Weekly Market Commentary June 7th to June 11th 2021
Job openings jumped 12% in the month of April with a record number 9.286 million. By comparison, 9.812 million people were unemployed in April, a difference of 526,000. Jobless Claims continued their downward trajectory, albeit at a slower pace, coming in at 376,000. The sunsetting of enhanced benefits may lead those still unemployed to accept new jobs thus improving claims numbers in the coming weeks.

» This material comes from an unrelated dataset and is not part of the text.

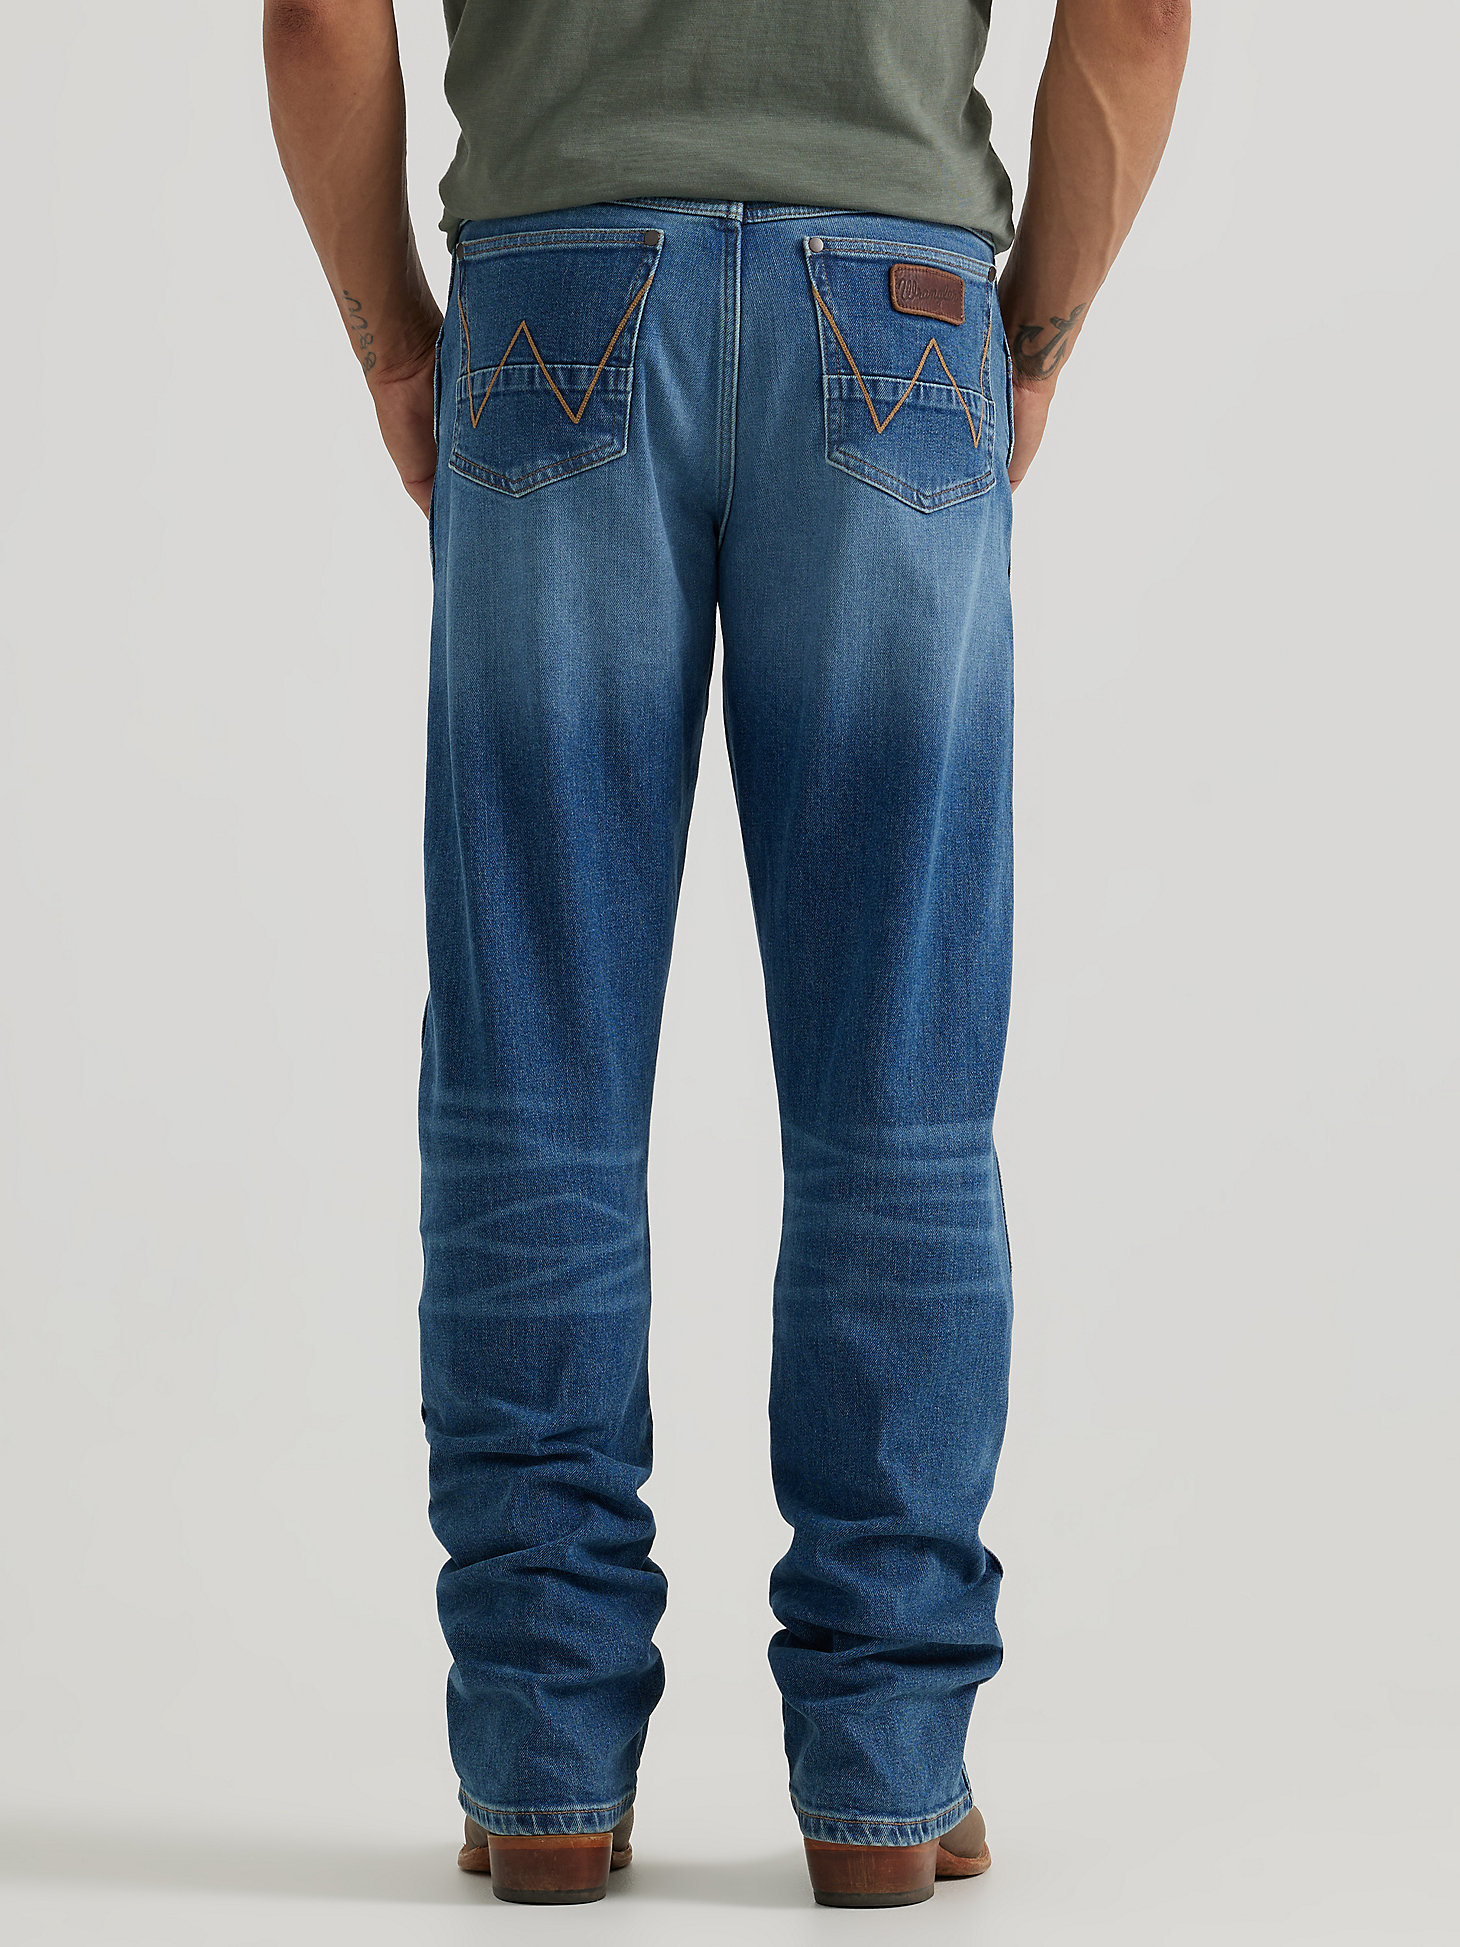 Men's Wrangler Retro® Relaxed Fit Bootcut Jean in Andalusian alternative view 2

Consumer prices increased 0.6% in May, slightly higher than expectations. The year-over-year number increased to 5%. Ex-Food and Energy rose 0.7% on the month and 3.8% year-over-year. The devil is in the details, which suggest the inflation picture is a little more positive than the headline numbers indicate. The areas where inflation is really popping are dining out and travel, two things people weren’t able to do much of this time last year. The biggest year-on-year increases include car and truck rentals (109.8%), gasoline (56.2%) and used cars and trucks (29.7%).
Investors largely shrugged off inflation numbers with the S&P 500 hitting new highs on Thursday. The index closed the week at 4,247, a 0.4% gain; while the NASDAQ gained 1.8% to finish the week at 14,069. The DJIA fell on the week by -0.8%. In fixed income, the 2-year U.S. Treasury finished flat this week at 0.15%; while the 10-year and 30-year each dropped by about -10 basis points to 1.45% and 2.14% respectively.